Obama Admin. And Cuba Agree To Restore Full Diplomatic Relations

Obama Announces Deal On Diplomatic Relations With Cuba. On December 17, Obama announced that the United States will establish a U.S. Embassy in Cuba after the release of Alan Gross, an American contractor imprisoned in Cuba for five years. As The New York Times reported:

The United States will restore full diplomatic relations with Cuba and open an embassy in Havana for the first time in more than a half-century after the release of an American contractor held in prison for five years, President Obama announced on Wednesday.

In a deal negotiated during 18 months of secret talks hosted largely by Canada and encouraged by Pope Francis, who hosted a final meeting at the Vatican, Mr. Obama and President Raúl Castro of Cuba agreed in a telephone call to put aside decades of hostility to find a new relationship between the United States and the island nation just 90 miles off the American coast.

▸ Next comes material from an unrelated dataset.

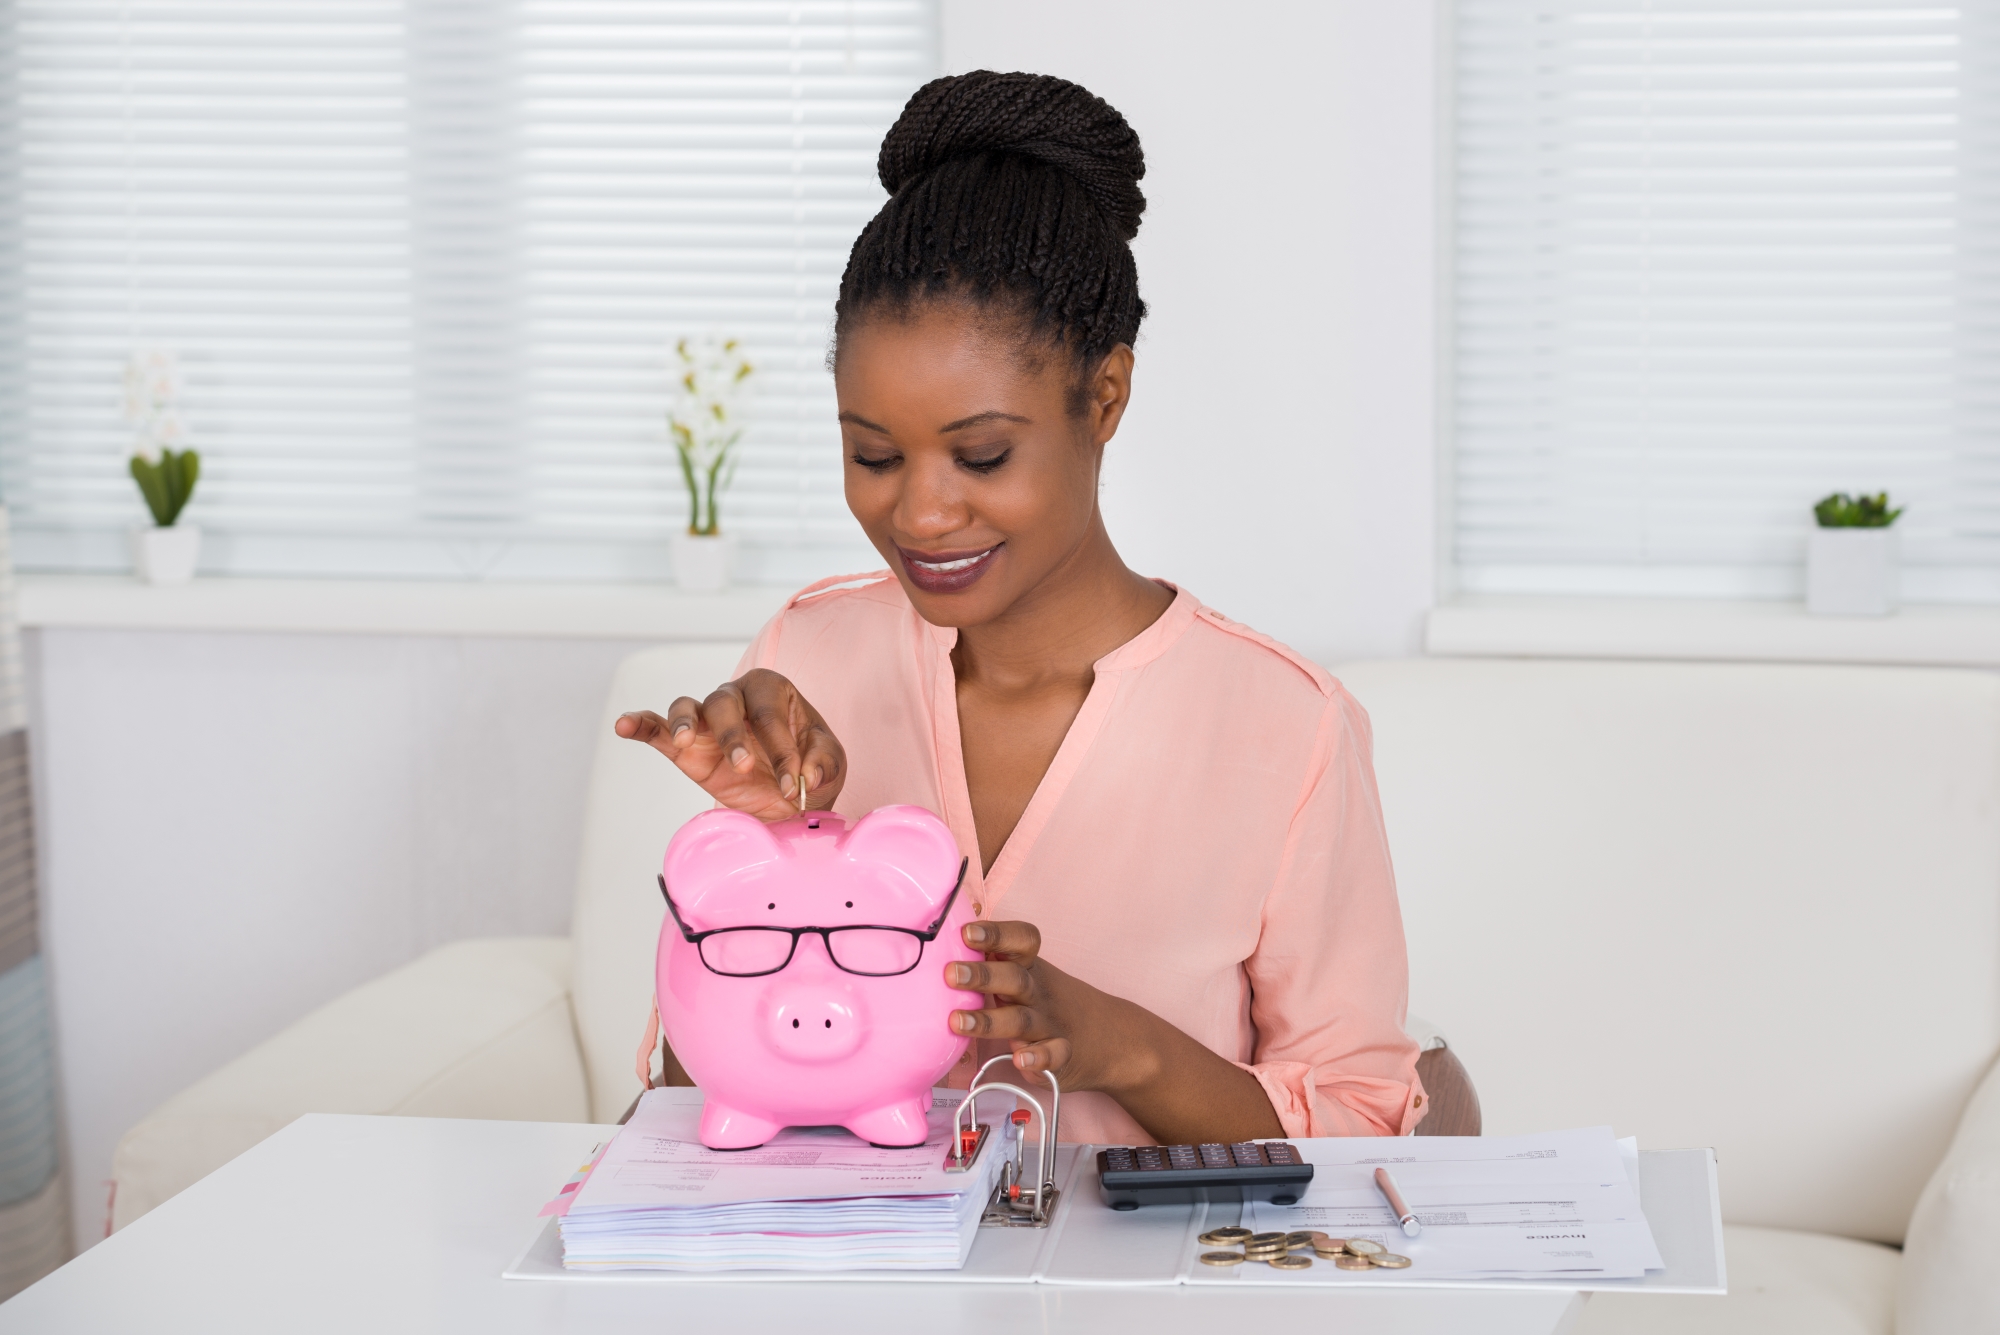 A lady putting money in a piggy bank

“We will end an outdated approach that for decades has failed to advance our interests and instead we will begin to normalize relations between our two countries,” Mr. Obama said in a nationally televised statement from the White House. The deal will “begin a new chapter among the nations of the Americas” and move beyond a “rigid policy that's rooted in events that took place before most of us were born.” [The New York Times, 12/17/14]

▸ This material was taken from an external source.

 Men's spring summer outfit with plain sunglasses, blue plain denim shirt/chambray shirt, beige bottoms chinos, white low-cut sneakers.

Right-Wing Media React Angrily To Agreement With Cuba

Fox Contributor John Bolton: Deal Is “Appeasement.” In an appearance on the December 17 edition of Happening Now, Fox News contributor John Bolton characterized the deal as a “very, very bad signal of weakness and lack of resolve by the President of the United States” and described it as “appeasement.” [Fox News, Happening Now, 12/17/14]

Limbaugh: “We Are Going To Use Taxpayer Dollars To Prop Up Another Communist Dictator.” During the December 17 edition of his radio show, Rush Limbaugh said the U.S. making a deal with Cuba meant that "[w]e're going to use taxpayer dollars to prop up another communist dictatorship in our hemisphere, 90 miles away." [Premiere Radio Networks, The Rush Limbaugh Show, 12/17/14]

Fox's Rove: Deal Is “A Very Bad Signal To Our Adversaries Around The World.” Appearing on the December 17 edition of Happening Now, political contributor Karl Rove criticized the Obama administration for making a deal with Cuba. Saying that he agreed with Sen. Marco Rubio (R-FL), he called the deal “very disturbing” and said it's “a very bad signal to our adversaries around the world.” Later claiming that all Americans get out of the agreement are cheap vacations, Rove said “the Cuban people don't get much out of this” either. [Fox News, Happening Now, 12/17/14]

Experts And Commentators Have Long Advocated For Ending Embargo, Calling The Policy A “Failure”

Brookings' Huddleston: “Cuba Embargo's Usefulness Has Run Its Course.” In a 2008 op-ed in the Miami Herald, Vicki Huddleston, former co-director of the Brookings Project on U.S. Policy Toward a Cuba in Transition, wrote that the Cuban embargo's “usefulness has run its course.” Explaining that isolating the country “did not and cannot bring about the end of the revolution” there, Huddleston wrote that by ending the embargo the U.S. could “speed the forces of change” in the country:

But how fast and how far the revolution evolves depends upon U.S. policy. If we remove the barriers to communication, we will speed the forces of change. Just as was the case in Eastern Europe as a result of the Helsinki agreements, the Cuban people will be empowered by human contact, the free flow of information, and the support and encouragement of Americans and Cuban Americans from Florida to California.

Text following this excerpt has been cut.